§ **WHAT YOU NEED TO DO**:
Only the pictures are to be dropped; return all other data below exactly.

§ **DATASET EXCERPT**:
_ _ _
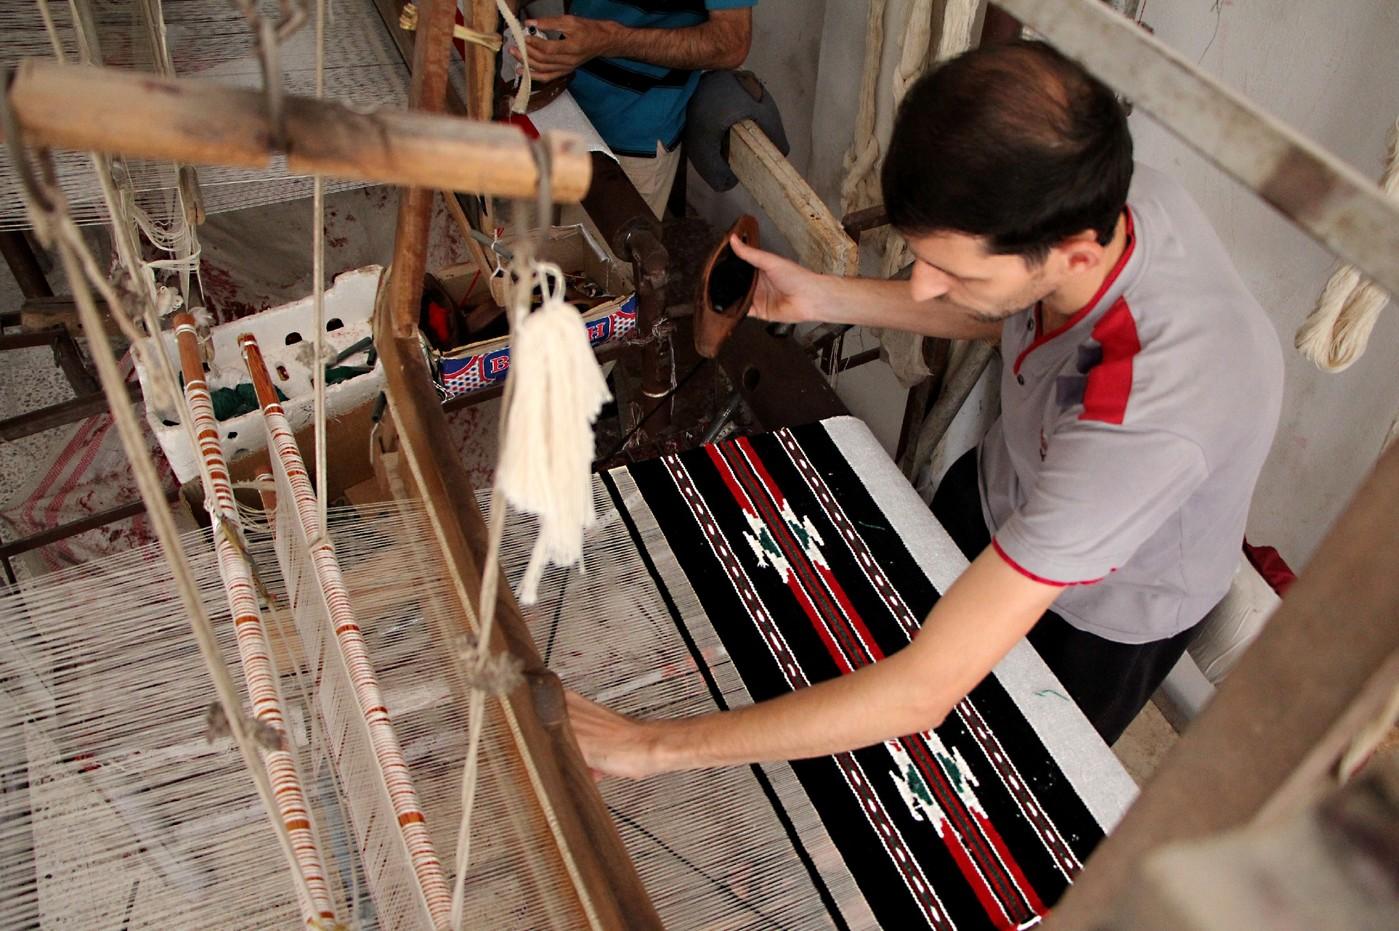 Syrie: sans laine, les artisans abandonnent leur métier à tisser
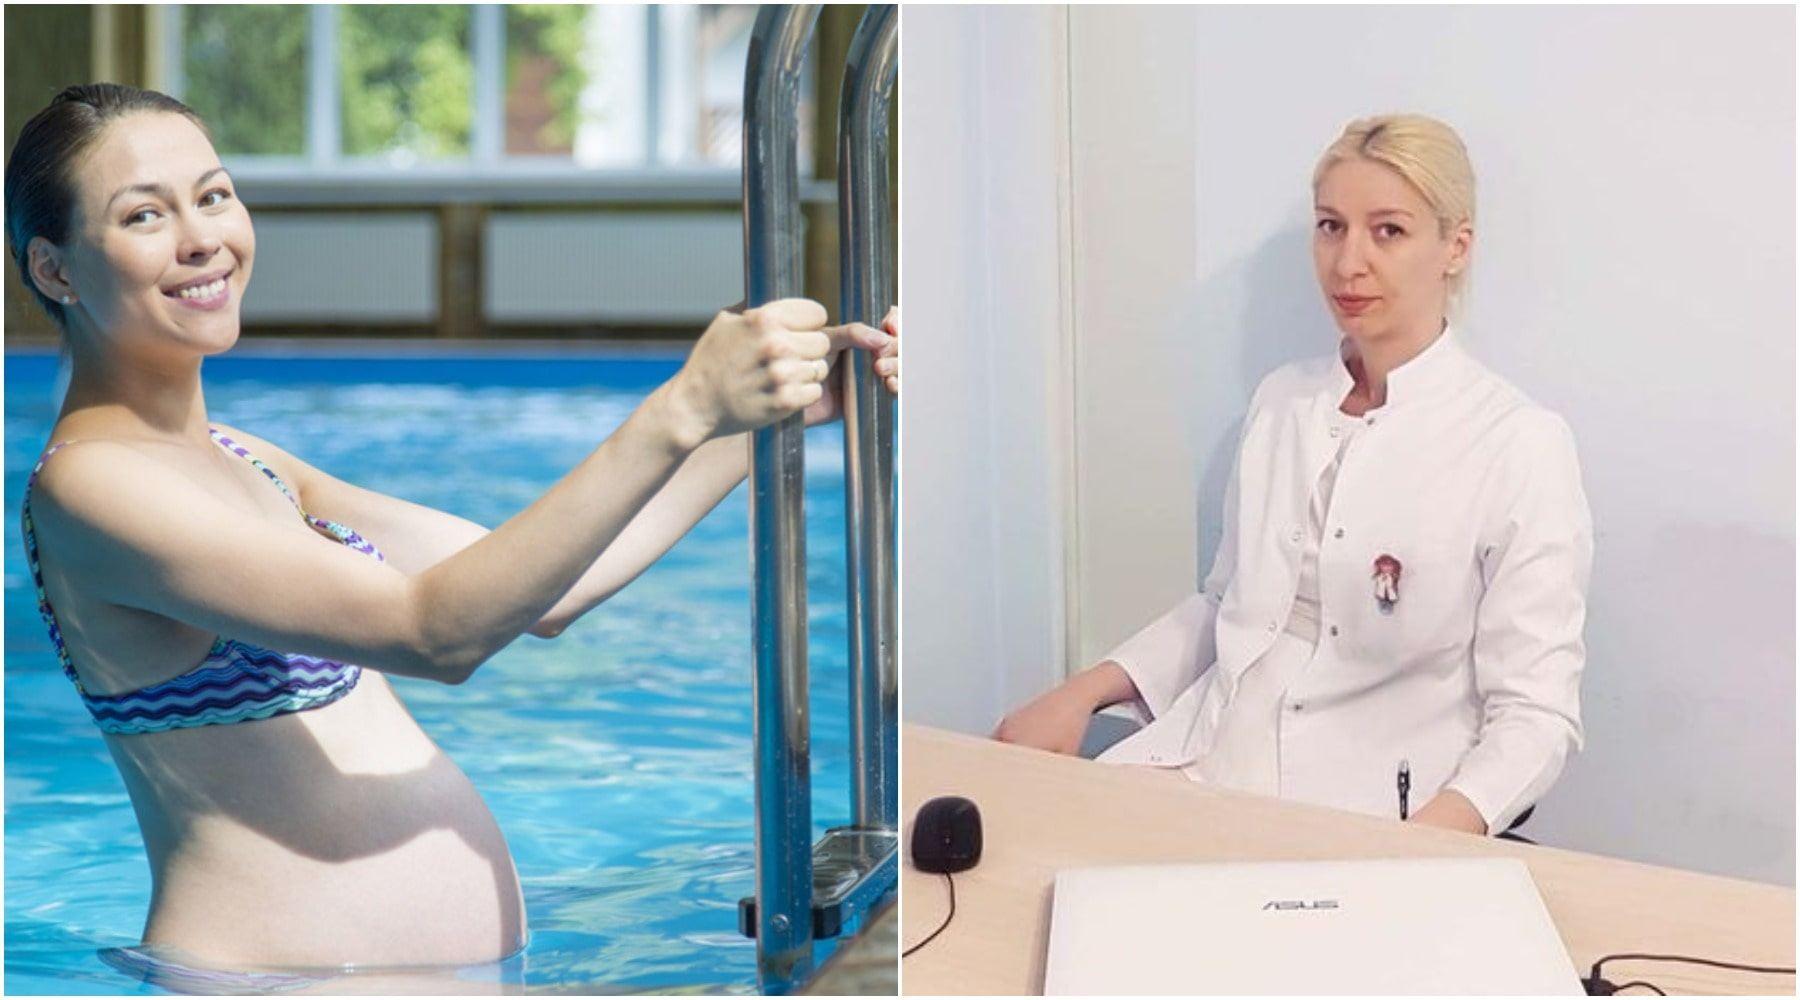 რა უპირატესობები აქვს ორსულობის დროს ცურვას სპორტის სხვა სახეობებთან შედარებით?
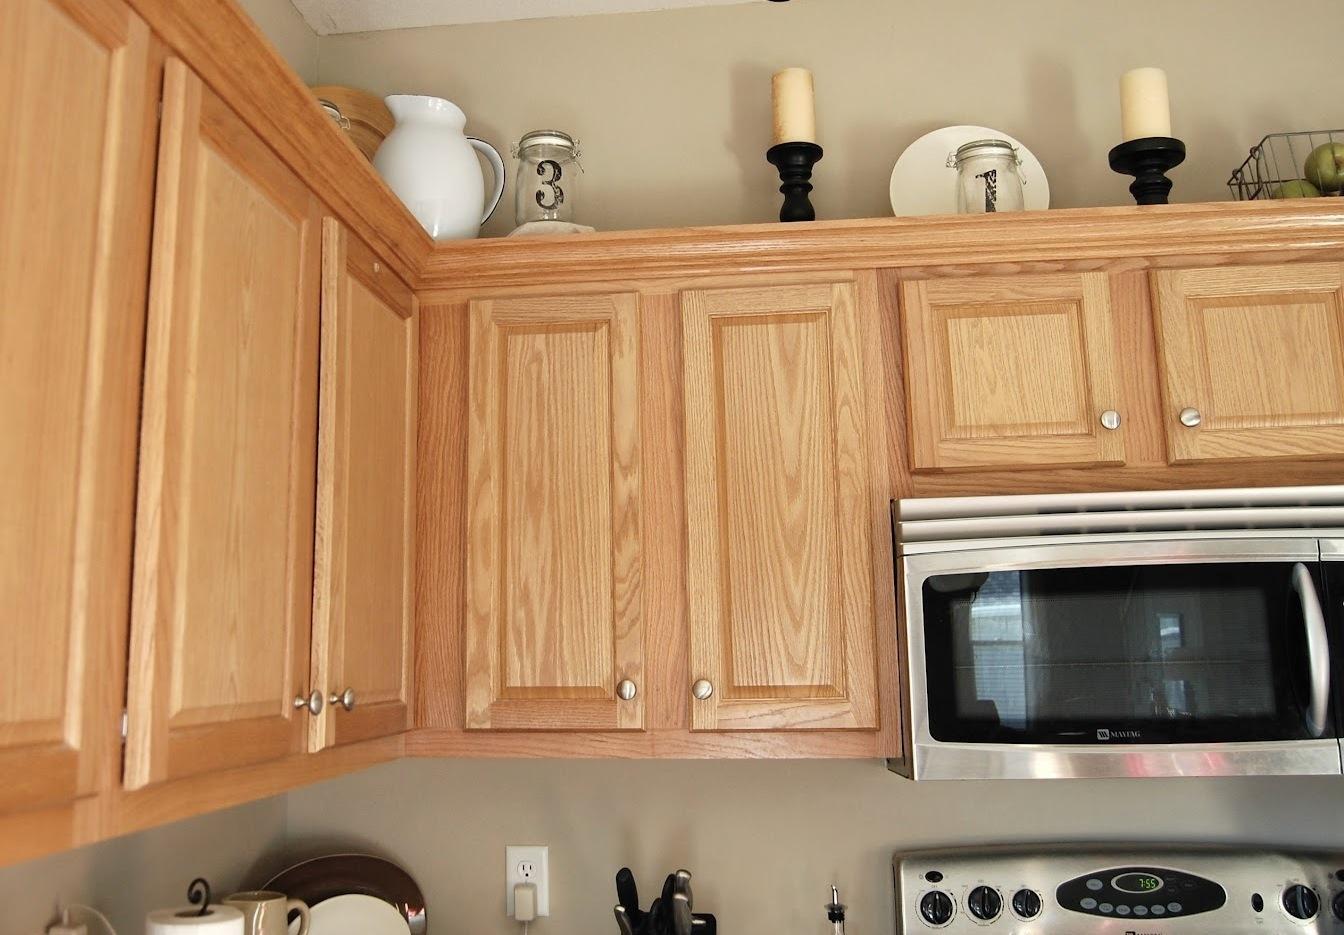 cupboard door knobs and handles photo - 2
_ _ _
§ **SOLUTION FOR THIS EXERCISE**:
 Syrie: sans laine, les artisans abandonnent leur métier à tisser
 რა უპირატესობები აქვს ორსულობის დროს ცურვას სპორტის სხვა სახეობებთან შედარებით?
 cupboard door knobs and handles photo - 2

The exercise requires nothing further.